School music departments are unique in subcontracting out core work to casual staff. As far as I am aware, home economics departments do not recruit chefs to show children how to make nutritious meals. Art departments don’t bring wandering artists into the studio to brush up the painting skills of pupils. Is it too much to expect music teachers to be proficient in picking a banjo or blowing a trumpet?

A former colleague, wee Ella, falls into the category of a music dominie who, shall we say, enjoyed limited success in getting a tune out of a musical contraption. Piano was certainly not her forte. My heart sank whenever I arrived early for mass in the school assembly hall and saw Ella tickling the ivories in a prelude to the happening.

The congregation held a collective breath when, on a rather apprehensive nod from the chaplain, Ella hit the keyboard with a dexterity that made Les Dawson sound like Chopin. Listening to 300 tone-deaf children desperately endeavouring to keep in tune with an off-key virtuoso performance of How Great Thou Art was truly torturous. Had she been hired by the CIA to perform a recital for Guantanamo prisoners, I guarantee there would have been a serious case of queue-jumping in detainees waiting to be waterboarded.
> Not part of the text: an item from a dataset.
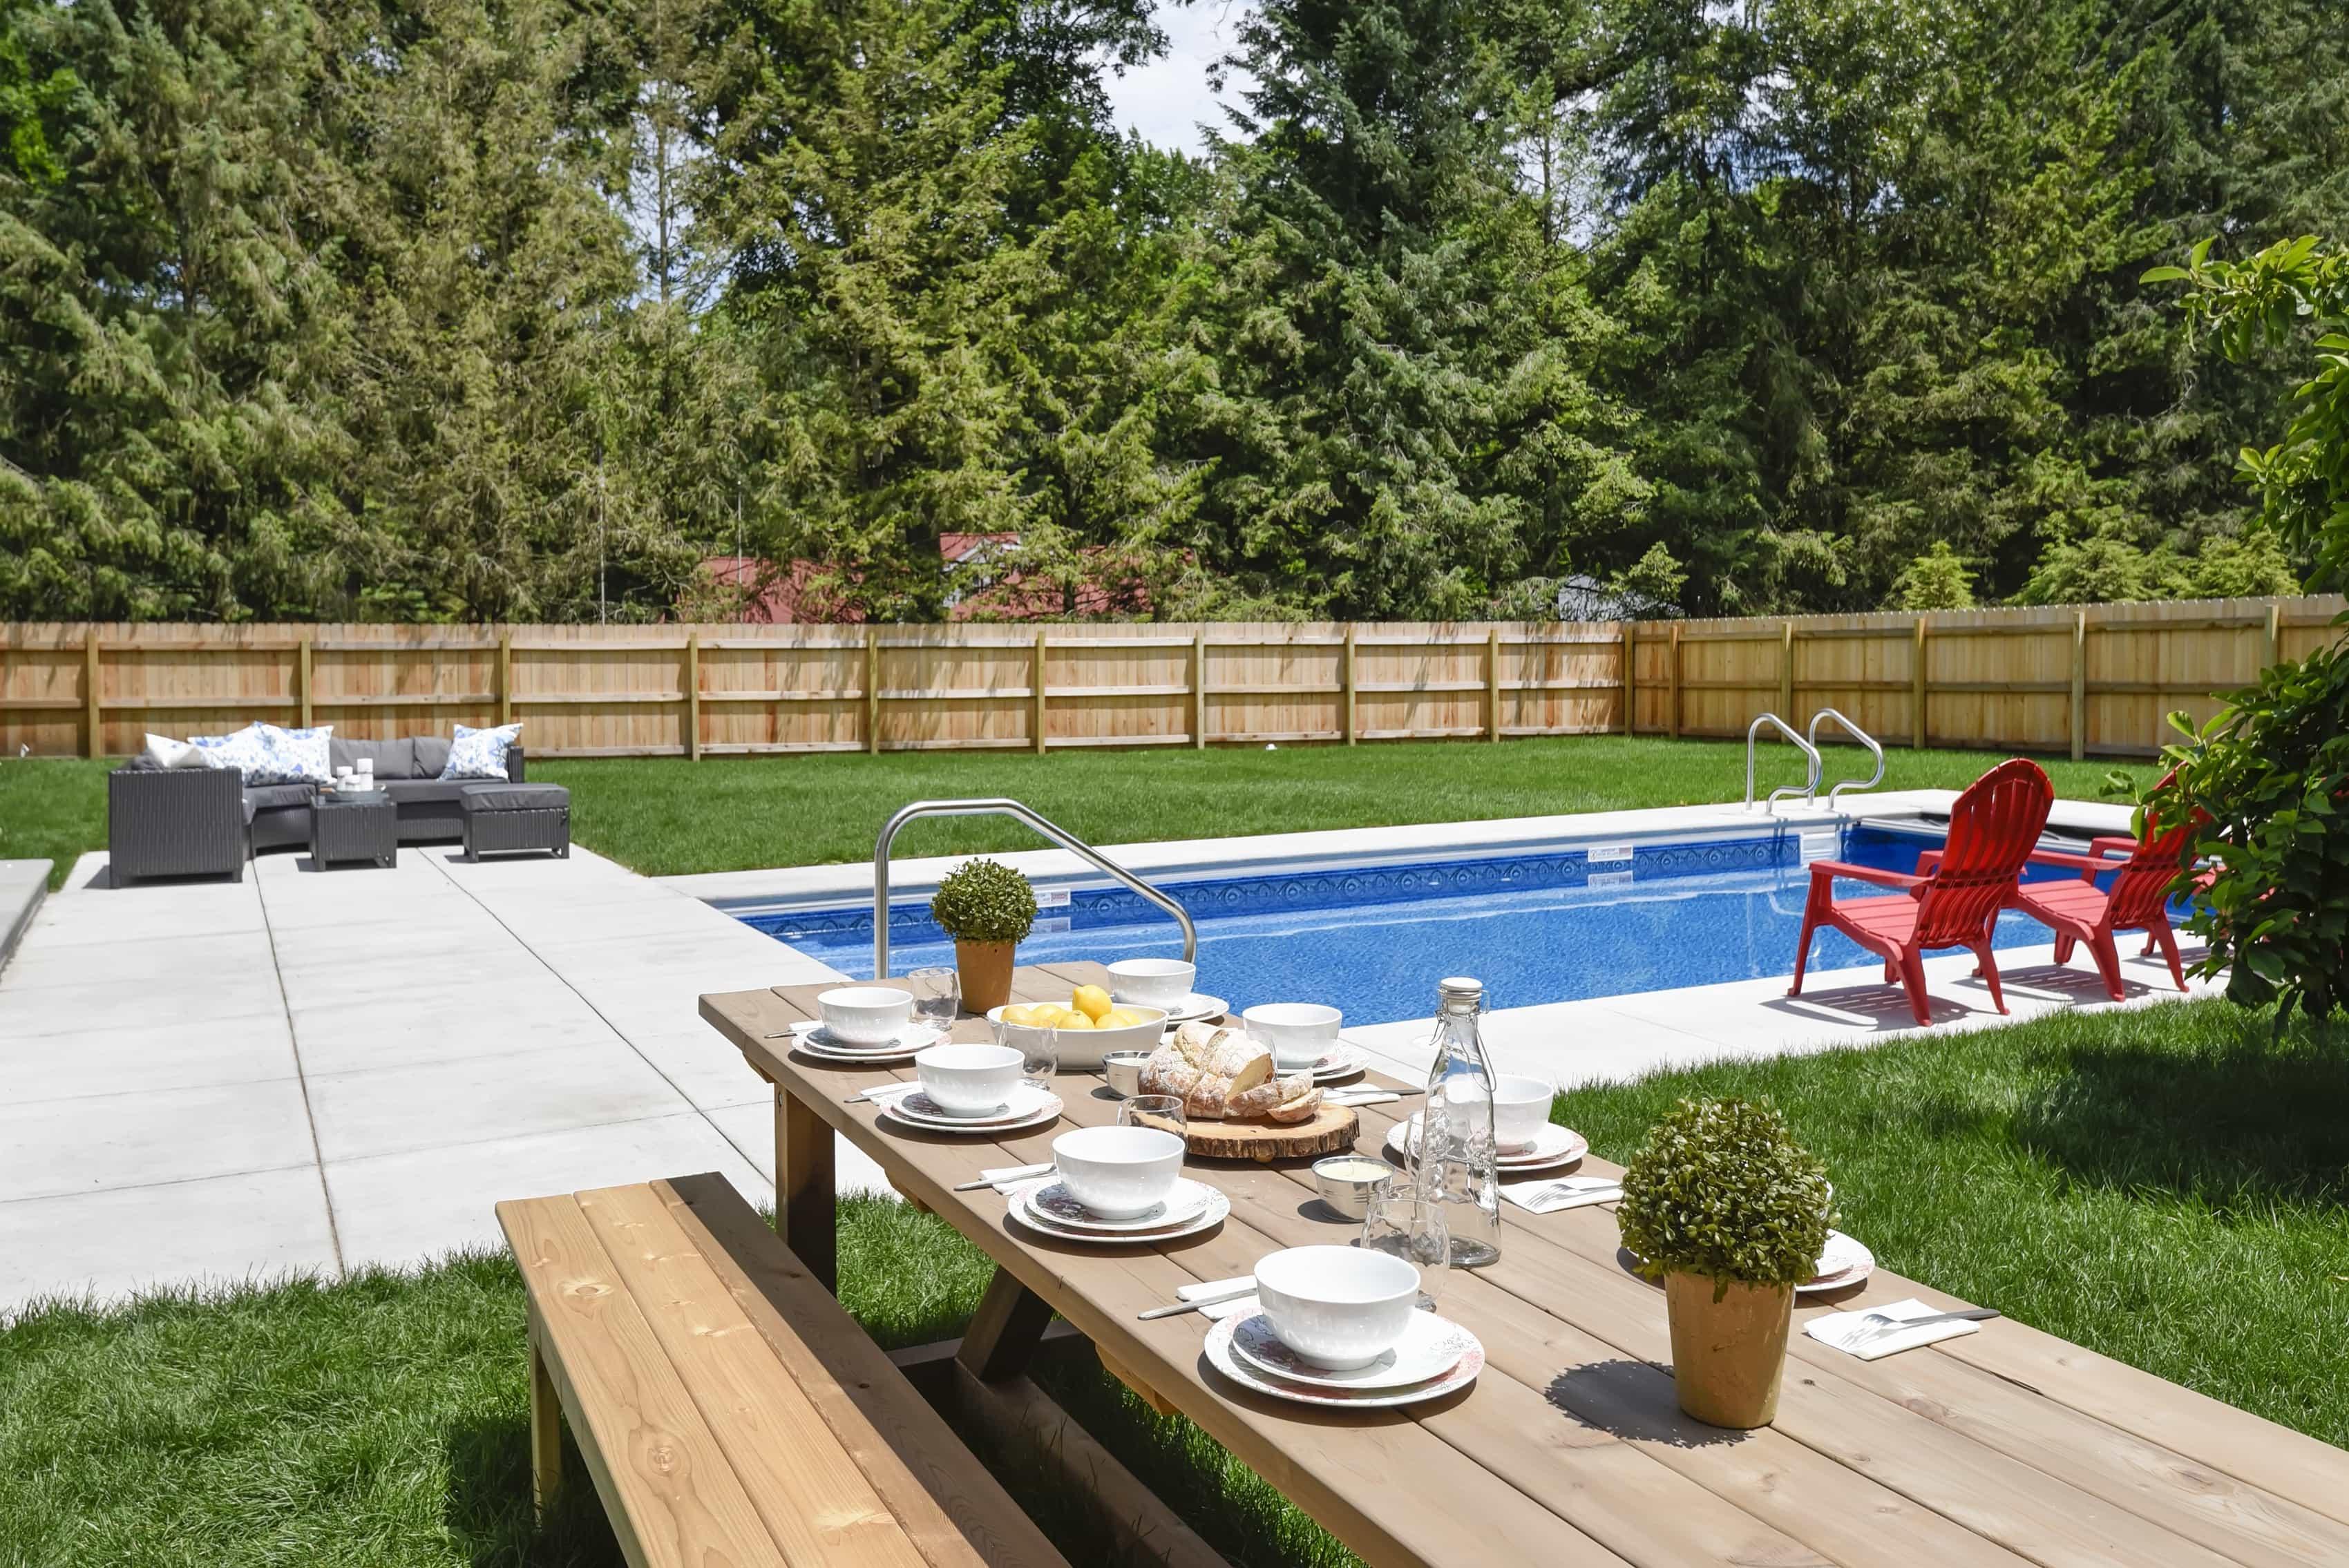 Backyard With Pool And Picnic Table (Image 3 of 25)

As a Sixties kid, I had dreams of being a bandana-wearing guitar hero, plucking my Gibson and pushing the wah-wah pedal, chillin’ out backstage with my weed and a posse of free-love groupies.

One can only imagine my disappointment when I was handed the runt of the woodwind litter, the recorder. By contributing a shilling to pay for after-school tuition, my mother thought that mastery of this poor man’s penny whistle would soon lead to me fingering a mean version of Kenny Ball’s Midnight in Moscow.

Mater felt somewhat short-changed when she heard my mangled rendition of that recorder classic, Three Blind Mice. Distraught, she grabbed the wooden pipe and stuck it through the letterbox of an Oxfam shop. It is of some comfort to know that somewhere in the Dark Continent, there is probably a wee bloke playing Frère Jacques on my school recorder.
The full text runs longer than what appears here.